Он сказал больница, а не медпункт, как говорят другие. Он так привык по своей прежней жизни.
— Можете не беспокоиться, — сказал он. — Кроме меня, не знает больше никто. Хотя, конечно, скоро будет знать весь Терезин. Как только вы приступите к съемкам.
— Я не буду делать этот фильм, — сказал я.
Он отрицательно покачал головой. Маленькое, сочувственное движение. Какое он, наверное, делает, когда приходится отнять последнюю надежду у родственников пациента. Мне очень жаль, но диагноз не изменишь. Ваш сын, ваш брат, ваш муж умрет.
— Вы снимете этот фильм.
— Ни за что на свете…
Он перебил меня до того, как мои возражения перешли в монолог. Опять типичный жест врача. Мне очень жаль, но положение безвыходное. Нет, не имеет смысла привлекать еще одного специалиста. Других методов лечения не существует.

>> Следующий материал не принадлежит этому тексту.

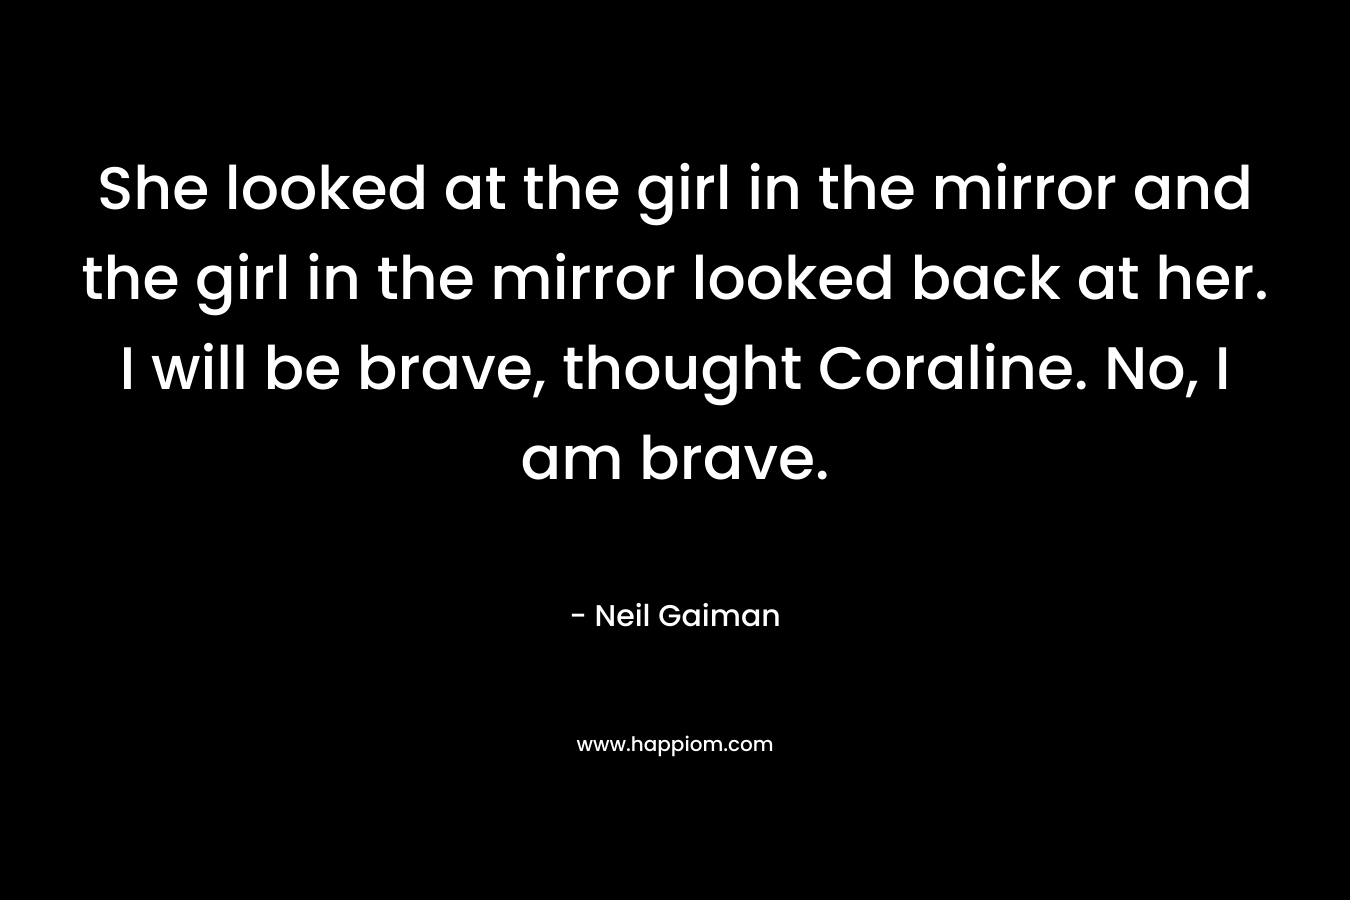 She looked at the girl in the mirror and the girl in the mirror looked back at her. I will be brave, thought Coraline. No, I am brave.

— Я вам объясню, — сказал он. — Это из-за Герты Унгар.
Этого имени я никогда не слышал.
— Моя операционная сестра. Двадцать девять лет. Она стоит в списке на новый транспорт.
— В этом списке стоит много людей.
— Я знаю, — сказал он. Кивнул, как будто я сказал что-то умное. — Как правило, с этим приходится мириться. Как во время эпидемии приходится мириться с тем, что не всех можно вылечить. Но если можно, если у вас есть возможность спасти человека…
— Я должен записаться вместо нее? Но и это не поможет. Если я не послушаюсь Рама, я так или иначе окажусь в ближайшем поезде на Освенцим.
— Нет, — сказал д-р Шпрингер. — Ни вы, ни Герта Унгар. Очень многие имена будут вычеркнуты. Если вы образумитесь.
— Я в своем уме.
Должно быть, я сказал это громко, поскольку несколько человек на улице обернулись в нашу сторону. И тут же снова отвернулись. В том, что кто-то слетает с катушек, здесь нет ничего необычного.
— Слушайте, — сказал д-р Шпрингер. — Я вам объясню.
Это действительно сработало. Так просто, будто у меня в руках вдруг оказалась волшебная палочка.